The fashion MNIST dataset is a set of 28x28 monocolor images of articles of 10 types of clothing, labelled accordingly. Because these images are much smaller than the 256x256 pixel biological images above, the architectures used above must be modified (or else the input images must be reformatted to 256x256). The reason for this is because max pooling (or convolutions with no padding) lead to reductions in subsequent layer size, eventually resulting in a 0-dimensional layer. Thus the last four max pooling layers were removed from the deep network, and the last two from the AlexNet clone (code for these networks).
The deep network with no other modifications than noted above performs very well on the task of classifying the fashion MNIST dataset, and >91 % accuracy rate on test datasets achieved with no hyperparameter tuning.
AlexNet achieves a ~72% accuracy rate on this dataset with no tuning or other modifications, although it trains much slower than the deep network as it has many more parameters (>10,000,000) than the deep network (~180,000).
We may observe a model's attribution on the inputs from this dataset as well in order to understand how a trained model arrives at its conclusion. Here we have our standard model architecture and we compute the gradientxinput
where the input
def gradientxinput(model, input_tensor, output_dim):
...
input_tensor.requires_grad = True
output = model.forward(input_tensor)
output = output.reshape(1, output_dim).max()
# backpropegate output gradient to input
output.backward(retain_graph=True)
gradientxinput = torch.abs(input_tensor.grad) * input_tensor
return gradientxinput
Note that the figures below also have a max normalization step before returning the gradientxinput tensor.
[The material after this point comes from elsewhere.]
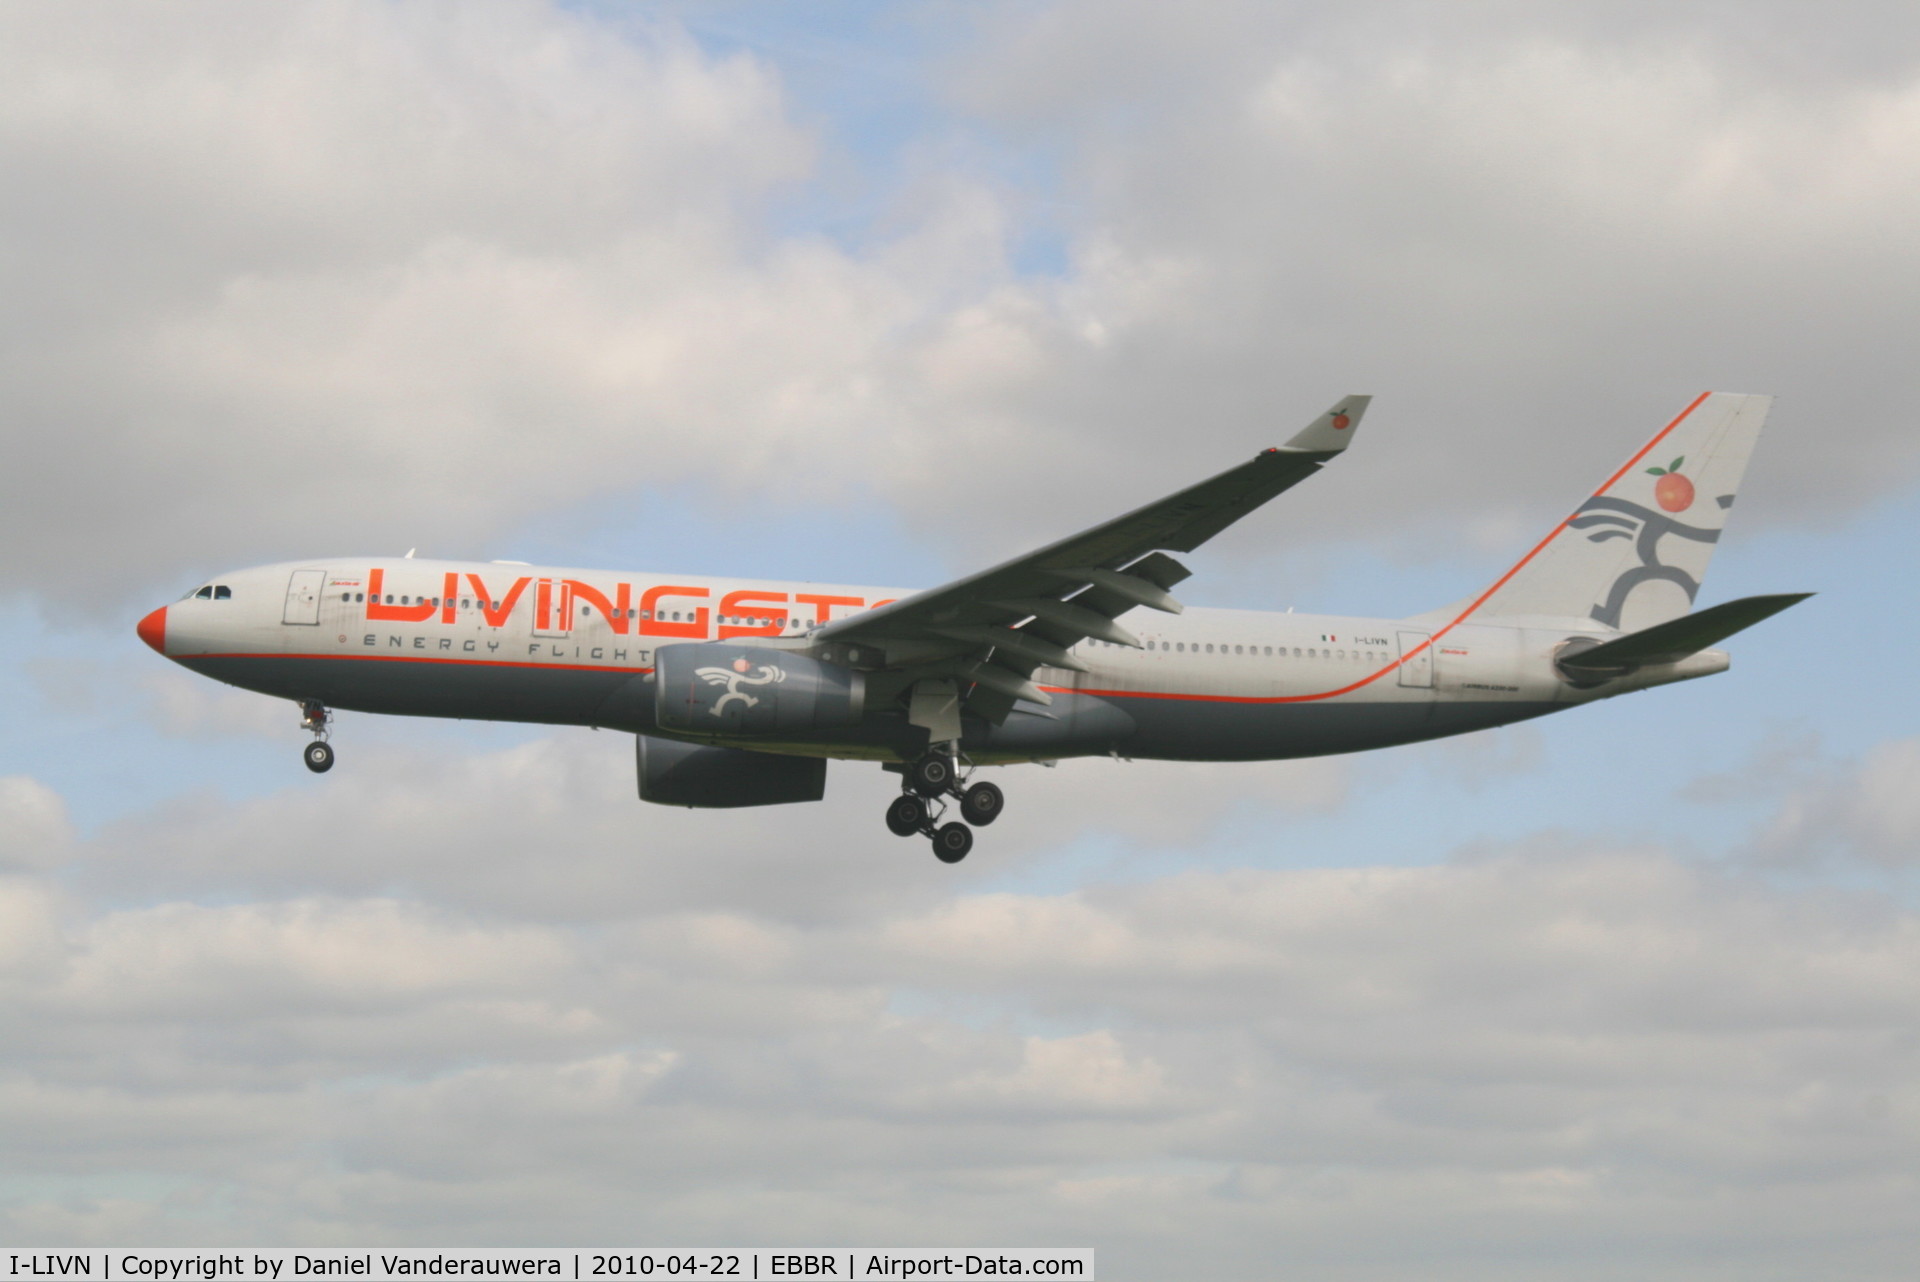 I-LIVN, 2004 Airbus A330-243 C/N 597, Arrival to RWY 25L

The gradientxinput
object returned is a torch.Tensor()
object and happily may be viewed directly using matplotlib.pyplot.imshow()
.
For an image of a sandal, we observe the following attribution:
which focuses on certain points where the sandal top meets the sole. How does a deep learning model such as our convolutional network learn which regions of the input to focus on in order to minimize the cost function? At the start of training, there is a mostly random gradientxinput attribution for each image
but at the end of training, certain stereotypical features of a given image category receive a larger attribution than others: for example, the elbows and collars of coats tend to exhibit a higher attribution than the rest of the garment.
It is especially illuminating to observe how attribution changes after each minibatch gradient update. Here we go from the start of the start to the end of the training as show in the preceding images, plotting attributions on a subset of test set images after each minibatch (size 16) update.
{% include youtube.html id='7SCd5YVYejc' %}
For some more colorful image classifications, lets turn to Alexander's flower photoset, containing labeled images of sunflowers, tulips, dandelions, dasies, and roses. The deep network reaches a 61 % test classification score on this dataset, which increases to 91 % for binary discrimination between some flower types. Examples of this model classifying images of roses or dandelions,
sunflowers or tulips,
and tulips or roses
We can investigate the learning process by using gradientxinput attribution. Before the start of training, we see that there is relatively random attribution placed on various pixels of test set flower images
but after 25 epochs, certain features are focused upon
Plotting attribution after every minibatch update to the gradient, we have
{% include youtube.html id='lVcNSD0viX0' %}
The deep learning models generally perform worse on flower type discrimination when they are not given color images, which makes sense being that flowers are usually quite colorful. Before the start of training, we have a stochastic attribution: note how the model places relatively high attribution on the sky in the bottom three images (especially the bottom right)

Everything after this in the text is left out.